No No: A Dockumentary is a 2014 American documentary film directed and produced by Jeffrey Radice. The film premiered in competition category of U.S. Documentary Competition program at the 2014 Sundance Film Festival on January 20, 2014.

==Synopsis==
The film details the life story of American professional baseball player Dock Ellis, his prolific career, his addictions to alcohol and amphetamines, his efforts to help other addicts until his death in 2008, and the no-hitter he threw while under the influence of LSD.

==Reception==
The film received overwhelmingly positive response from critics. Duane Byrge of The Hollywood Reporter gave the film a positive review, writing:More than just a documentary focusing on one man’s life, No No: A Dockumentary is not told just between the foul lines.
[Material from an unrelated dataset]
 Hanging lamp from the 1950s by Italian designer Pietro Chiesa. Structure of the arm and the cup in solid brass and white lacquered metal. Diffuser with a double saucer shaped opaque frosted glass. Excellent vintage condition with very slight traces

It rounds several story bases: It flexes as a window on the cataclysmic changes of the late 1960s and ’70s, and documents Ellis’ substance abuse."
In Indiewire, Steve Greene wrote:No No: A Dockumentary becomes a supremely successful biography in acknowledging the reason for Ellis’ fame while showing how that story is just a sliver of what defined his later years" and that "No-No exists as both a measured and vibrant portrait in equal measure, a fitting tribute to a life that encompassed both of those same qualities."
Amber Wilkinson of The Daily Telegraph gave the film four out of five stars and praised the director Jeff Radice:Radice takes an inventive approach to Ellis's story, using a terrific Seventies soundtrack, animation and manipulated still photography – frequently featuring trippy pops of colour – to maintain the momentum. He also approaches the tale with a sense of humour, even though he never plays down the havoc the pitcher's addictions wreaked on his personal life. An effortless home run."
Drew Taylor, in his review for The Playlist, praised the film:"No No is a jazzy, joyful exploration of a man that, if he wasn't able to actually change the system, was at least happy with giving it the middle finger."